Finalement, on peut s’apercevoir que cette criminologie spontanée, qui ne s’appuie sur aucune donnée statistique, sur aucun savoir savant, n’est pas complètement contradictoire avec les discours des criminologues eux-mêmes. Par exemple, au niveau législatif, A. Pires et P. Landreville ont montré que le code pénal criminalise particulièrement les comportements qui sont accessibles aux membres des classes subalternes, tandis qu’il évite la criminalisation des comportements, autant sinon plus dommageables socialement et économiquement, propres aux membres des couches moyennes et supérieure163. B. Aubusson de Cavarlay, quant à lui, au terme de son étude sur ce qu’il nomme « la légalité de l’inégalité », a brutalement résumé : « l’amende est bourgeoise et petite-bourgeoise, l’emprisonnement avec sursis est populaire,

l’emprisonnement ferme est sous-prolétarien164 », et a défendu la thèse selon laquelle le système pénal est éclaté en sous-sytèmes distincts dont chacun ne s'adresse finalement qu'à certaines classes sociales au travers du cumul de classements dont l'autonomie n'est qu'apparente. Ph. Robert et P. Tournier ont, quant à eux, mis à jour les variables qui expliquent la sur-représentativité des étrangers dans les prisons en France, parmi lesquelles une préférence à l'emprisonnement : quoique sous-représentés dans les instructions pour crimes, ils apparaissent finalement plus fréquemment placés en détention provisoire165 ». L. Wacquant a, enfin, montré que l'origine ethnique apparaît comme un facteur discriminant aux différentes étapes du processus pénal166.
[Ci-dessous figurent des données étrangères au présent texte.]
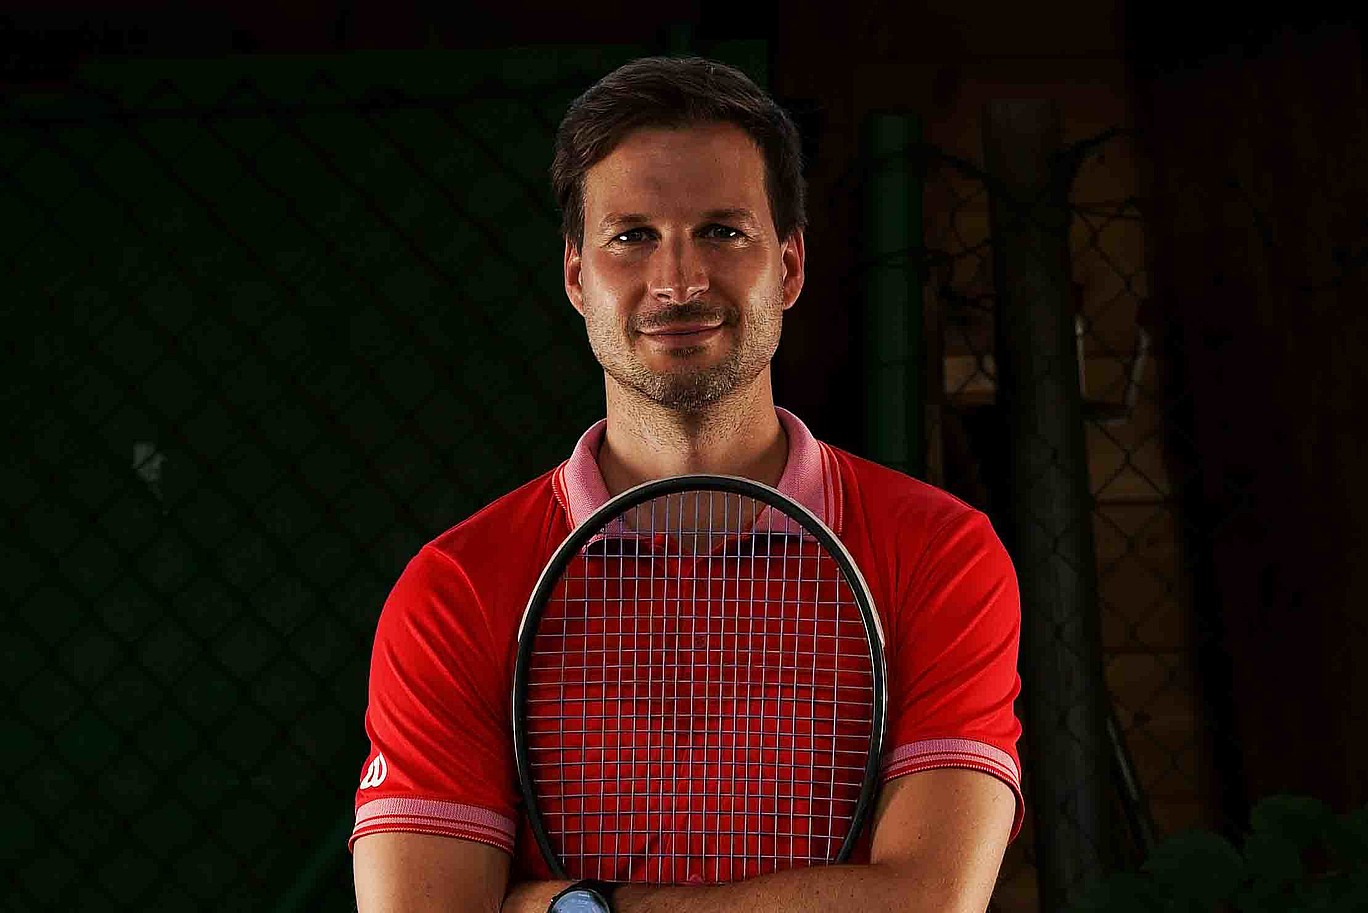 Portrait photo Jochen Seubert - young man with tennis racket

La comparaison systématique et approfondie de leurs « affaires », durant les longues discussions en cellule, de l’ensemble du processus pénal qui va des rapports policiers jusqu’à la mise sous écrou en passant par le prononcé de la peine et son aménagement, renvoient à des processus mentaux proches de ceux des criminologues, et, en conséquence, produit des résultats similaires. Tel un sociologue critique, cette criminologie spontanée se base donc sur une prise au mot du discours judiciaire qui affirme l’égalité de tous devant la loi et la justice, comme principe de justice sociale à partir duquel on mesure la réalité ; l’écart entre le discours judiciaire et l’application de la loi, entre le juridique et le sociologique, la justice « telle qu’elle devrait être » et « telle qu’elle est » forme alors la base de la dénonciation. Les analyses de C. Montandon et B. Crettaz, que nos données confirment, avaient mis en valeur quelques représentations des détenus : la police était considérée comme un corps professionnel relativement violent, les avocats comme des pique-assiettes inutiles, l’expert psychiatre comme un « jargonneux » déformant la réalité. Plus généralement, ils avaient mis en évidence une argumentation au cours de laquelle les détenus dénoncent l’inégalité devant la justice, doutaient de l’impartialité des juges, démontent les mécanismes subtils qui influencent les législateurs. Ces auteurs pointent alors un réel problème : s’il serait étonnant que les détenus fassent un éloge global du système de justice pénale, une justice jalouse de son image auprès de la population devrait méditer de ces dénonciations167 : comment, en effet, croire que le sentiment d’injustice profondément ressenti par les justiciables ne débouchera jamais sur un irrespect profond qui pourra s’avérer, en retour, largement contre-productif au regard des missions officielles du système pénal ?

164

Aubusson de Cavarlay, 1985, 308. 165 Tournier, Robert, 1991, 88-89. 166 Wacquant, 1998.